Basically I've been offered a house swap and I'm really torn over what to do.

I think that it would be a nicer place for ds to grow up, but it would be such a big step, he'd have to change schools, I'd have to get a new job. I wouldn't have my family closeby.

Then my boyfriend comes into it, I'd hope that he'd move in with me, as one of the reasons he hasn't already is his commute to work. But I wouldn't want to move just for him iyswim.

This place just has so many bad memories for me and I think it could be a fresh start. Or it could be a big mistake.

OP posts:
CogitoErgoSometimes · 31/07/2014 16:07

YANBU to go for a better life. You only get one shot at it and DCs are flexible if you sell it right. Definitely make this something you do for yourself and then consider whether your boyfriend will fit into the picture, rather than moving to be with him and risk disappointment.

If I've learned one thing it's that it's not the mistakes you make that you end up regretting, it's the opportunities you passed up. Good luck

Veryreasonable · 31/07/2014 16:22

Just to add, my boyfriend isn't renowned for his reliability. So I would have to be doing it for ds and myself. Although the commute has been an issue for him with work.

I think that the place would be more peaceful, here it seems to be all pollution, traffic and filthy streets. I think that it would feel safer for ds as he got older and ventured out more on his own.

I'd have to find a new job as I wouldn't want to keep up the commute.

OP posts:
Veryreasonable · 31/07/2014 16:24

Has anyone done anything like this and has it worked out for the best? Or gone wrong.

OP posts:
ShakeYourTailFeathers · 31/07/2014 16:25

Have you had a look to see if there's any work in the new town?

If there was plenty of work to be had, and you'd want to move there regardless of whether your DP was in the picture, I'd do it if I were in your shoes.

GoringBit · 31/07/2014 16:31

I'd say go for it, OP, for you and your son. If things work out with your boyfriend, but if not, you'll be living in what sounds like a much better environment for both of you.

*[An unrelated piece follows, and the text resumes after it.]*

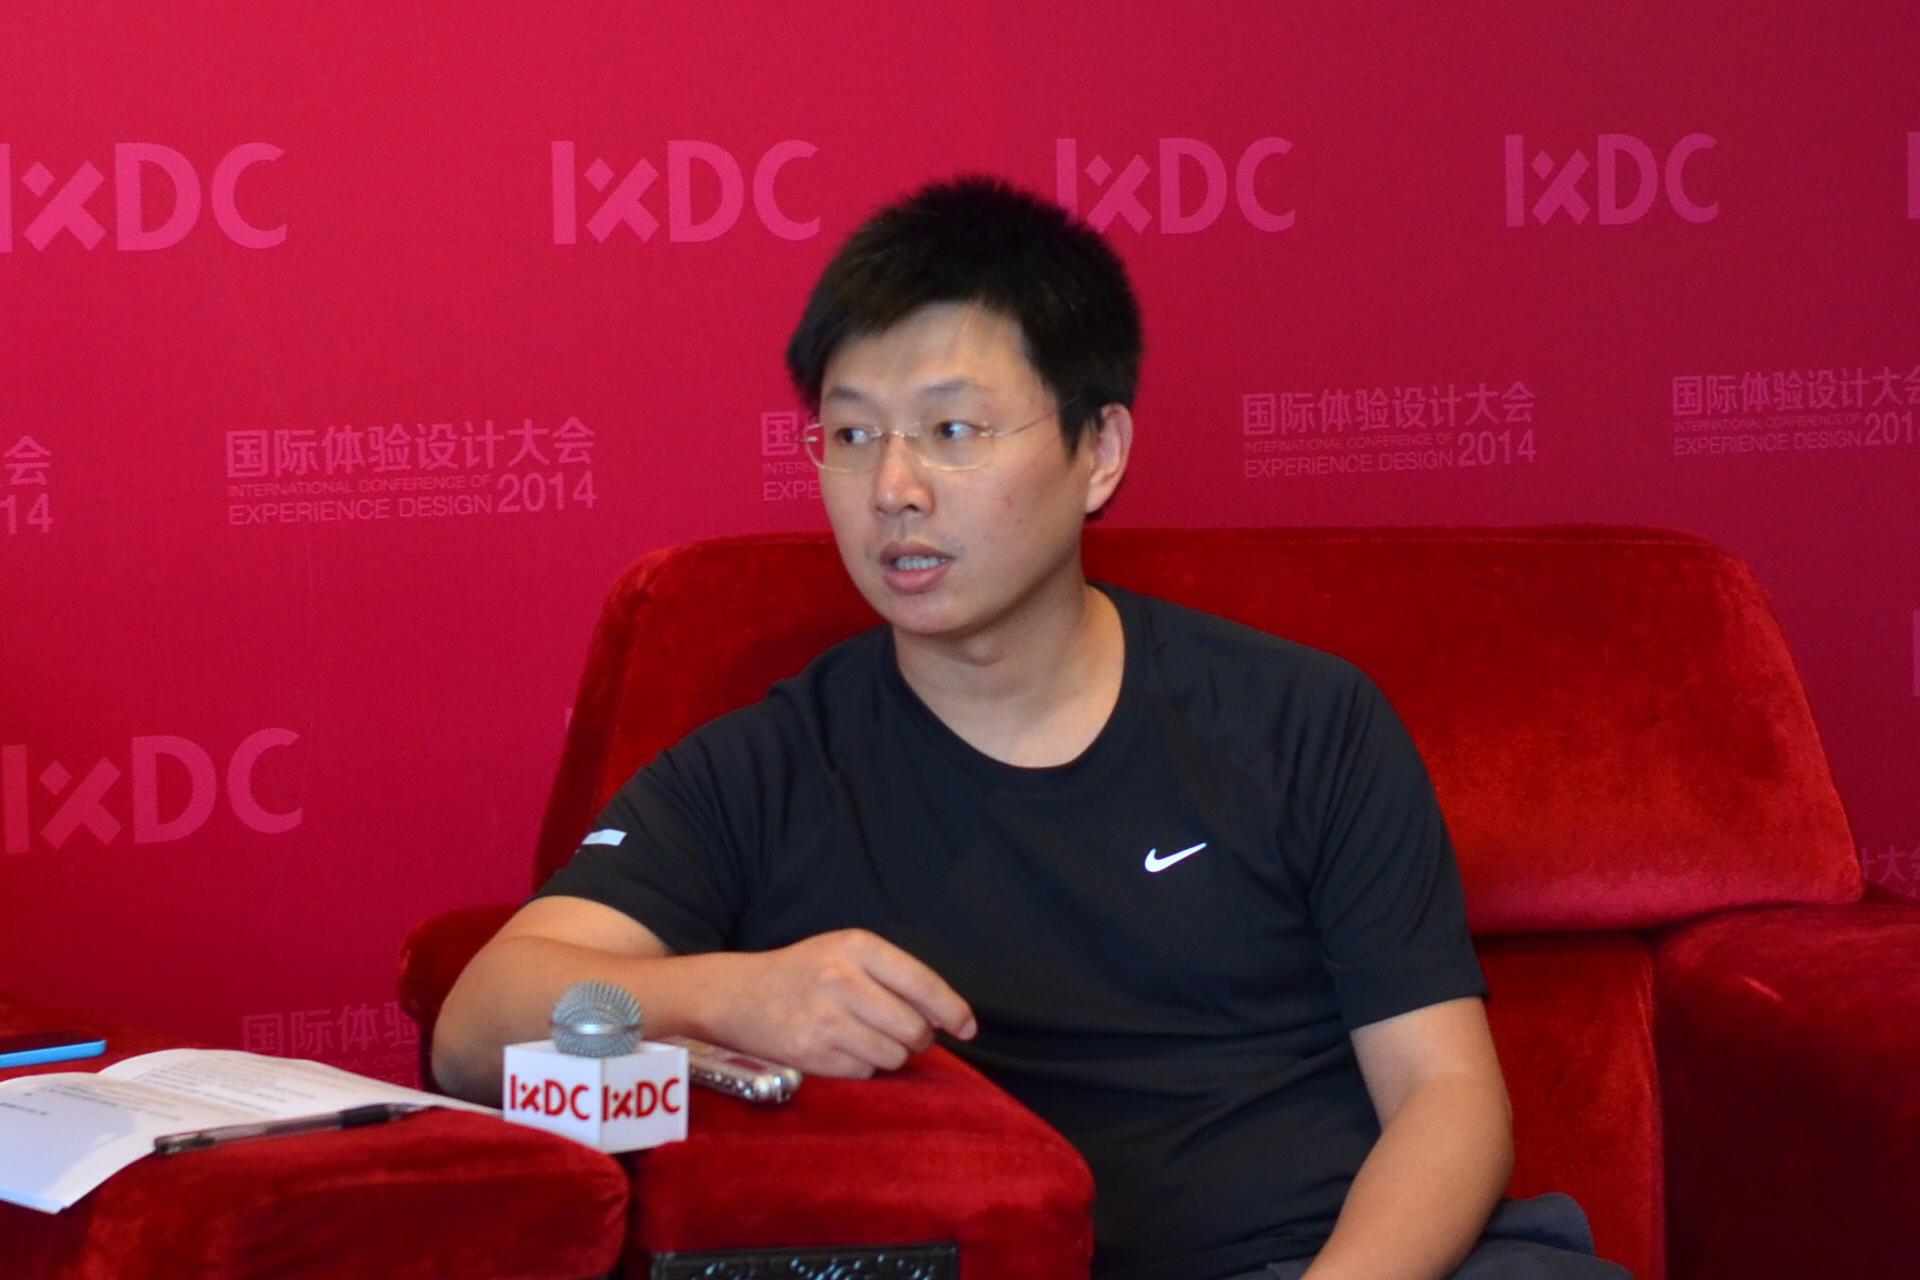 O2O时代下物联网技术与设计──阿里巴巴设计专家赵巍

I moved from a big-ish town to London, but that was to be with OH, which I know is the other way round, but it worked out well for us - I think if your heart's in it, you've got a head start in making a success of it.

Good luck.

Thirdtry22 · 31/07/2014 17:07

I would say go for it, but for you and ds, if dp isn't reliable. If things work out between you, even better. If not, well you're in a better area. A new start in a nice new area could do you the world of good OP.

KnackeredMuchly · 31/07/2014 17:22

Go for it

CogitoErgoSometimes · 31/07/2014 18:03

Many years ago I moved a long way from friends and family to start fresh, take advantage of a job offer and build a new life and better prospects. It has had its disadvantages, especially now that my parents are elderly and the only thing I regret is that I let my then boyfriend follow along!